──────── Data extract ────────
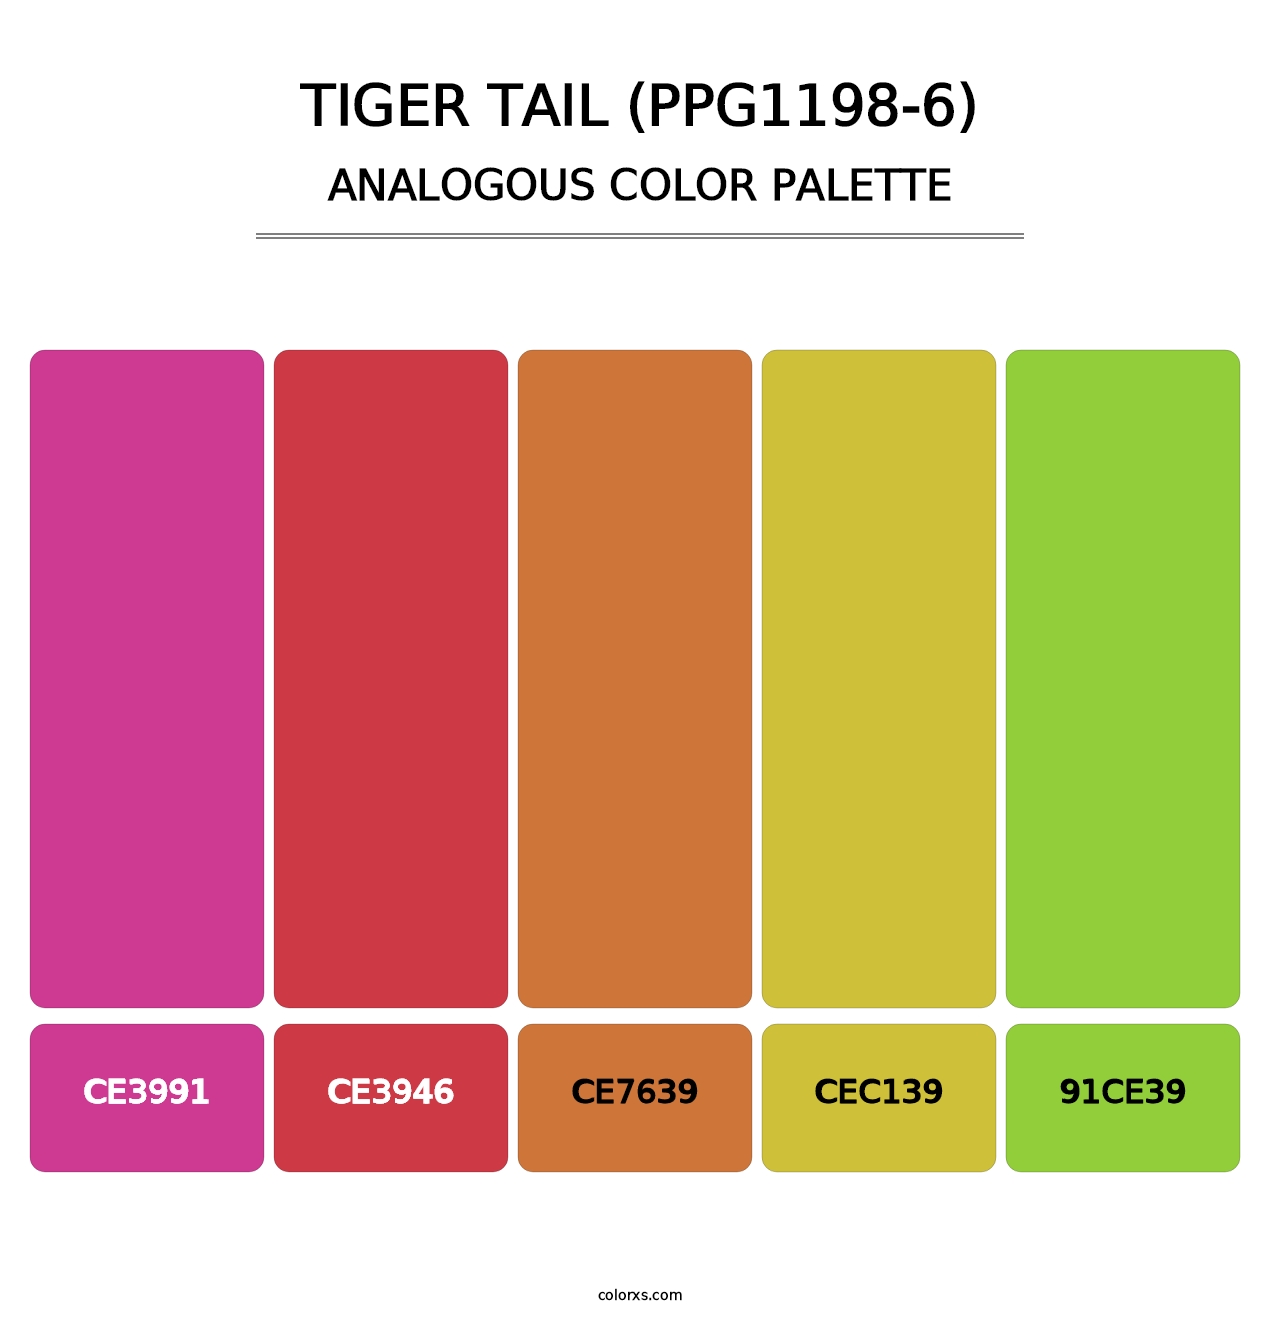 Tiger Tail (PPG1198-6) - Analogous Color Palette
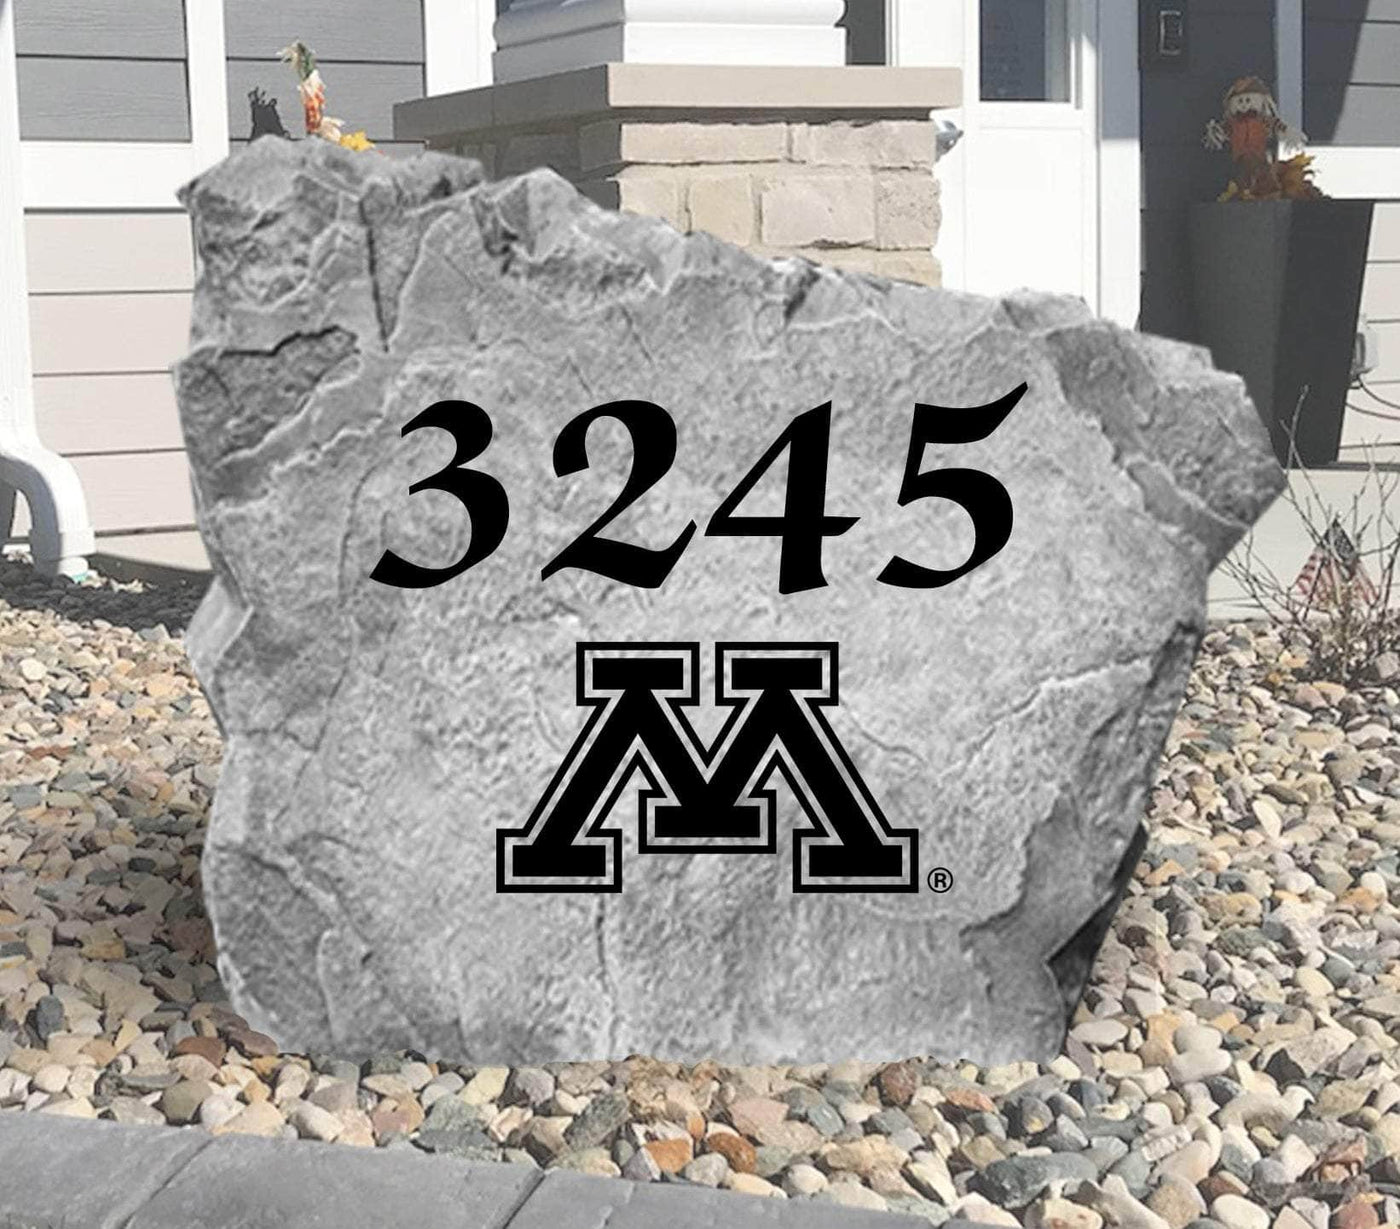 University of Minnesota Address Stone
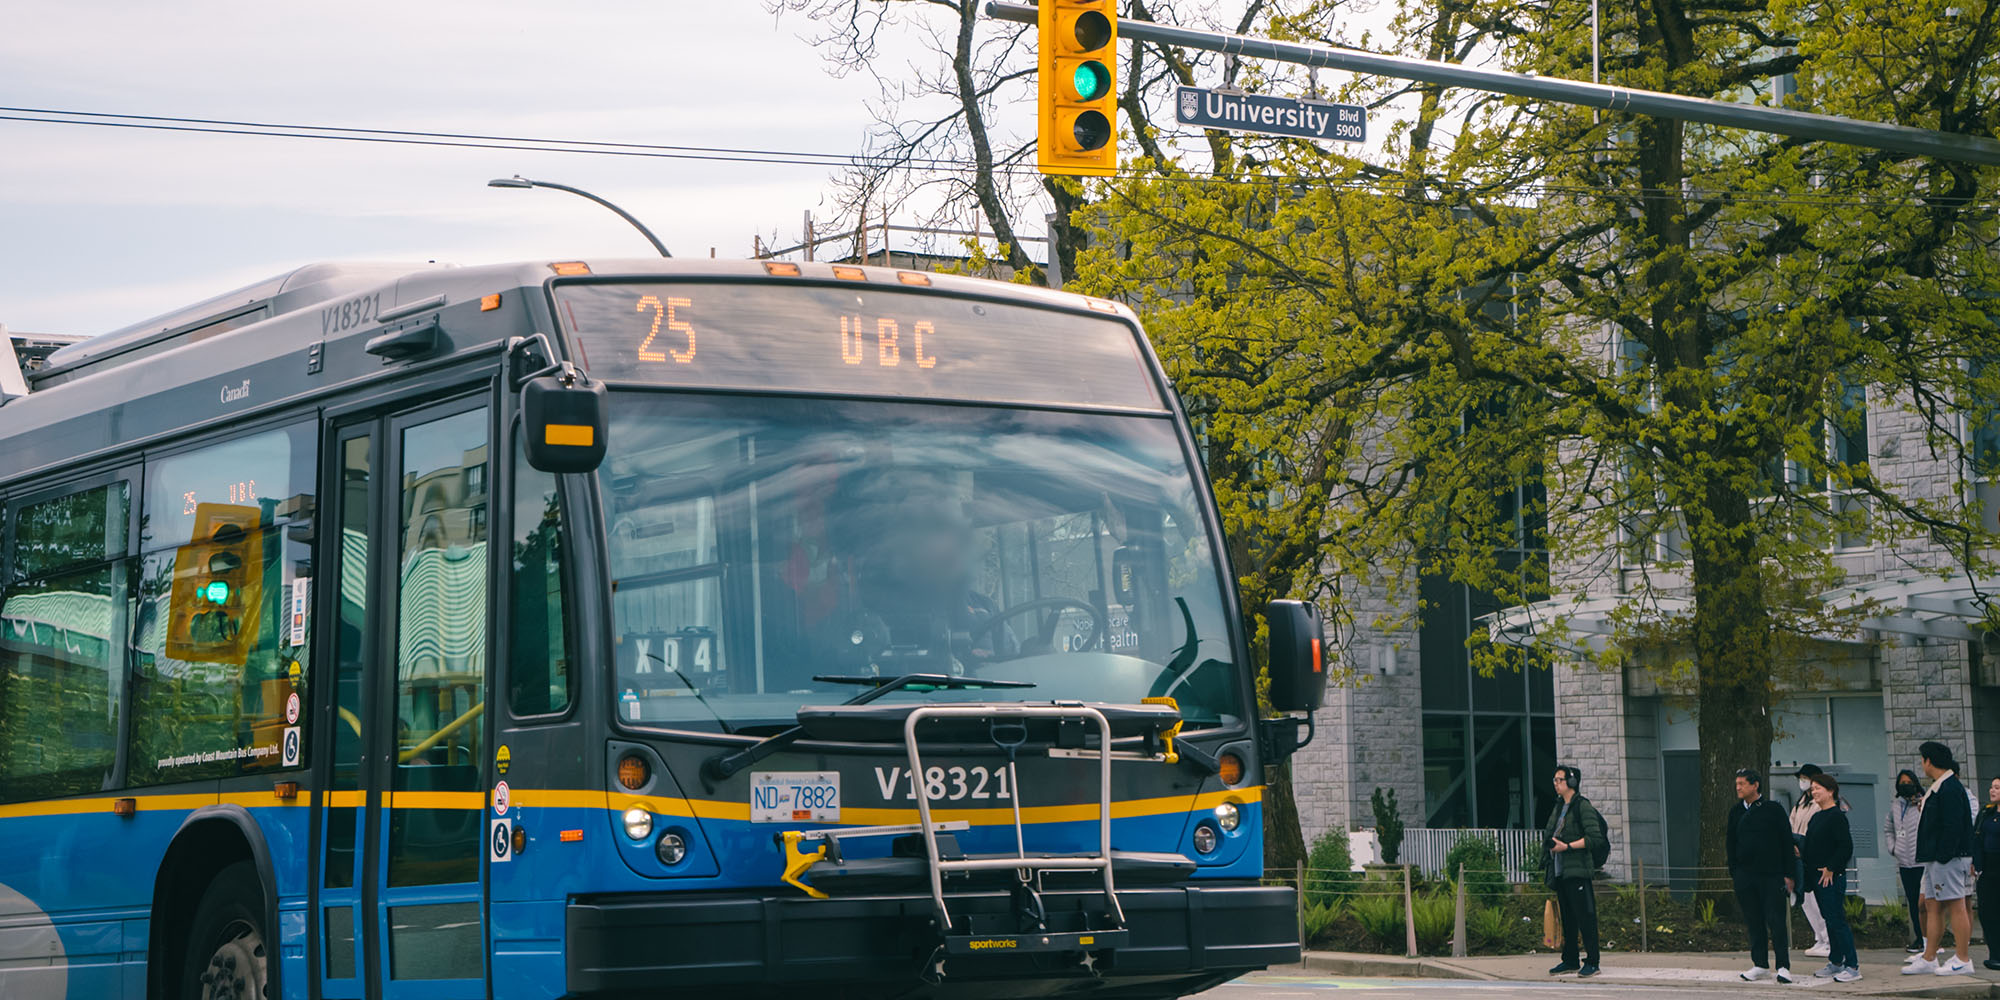 The 25 UBC bus at the University of British Columbia
────────
Directions =>
Go through the material and set it down again exactly, but without any pictures.

Result below =>
 Tiger Tail (PPG1198-6) - Analogous Color Palette
 University of Minnesota Address Stone
 The 25 UBC bus at the University of British Columbia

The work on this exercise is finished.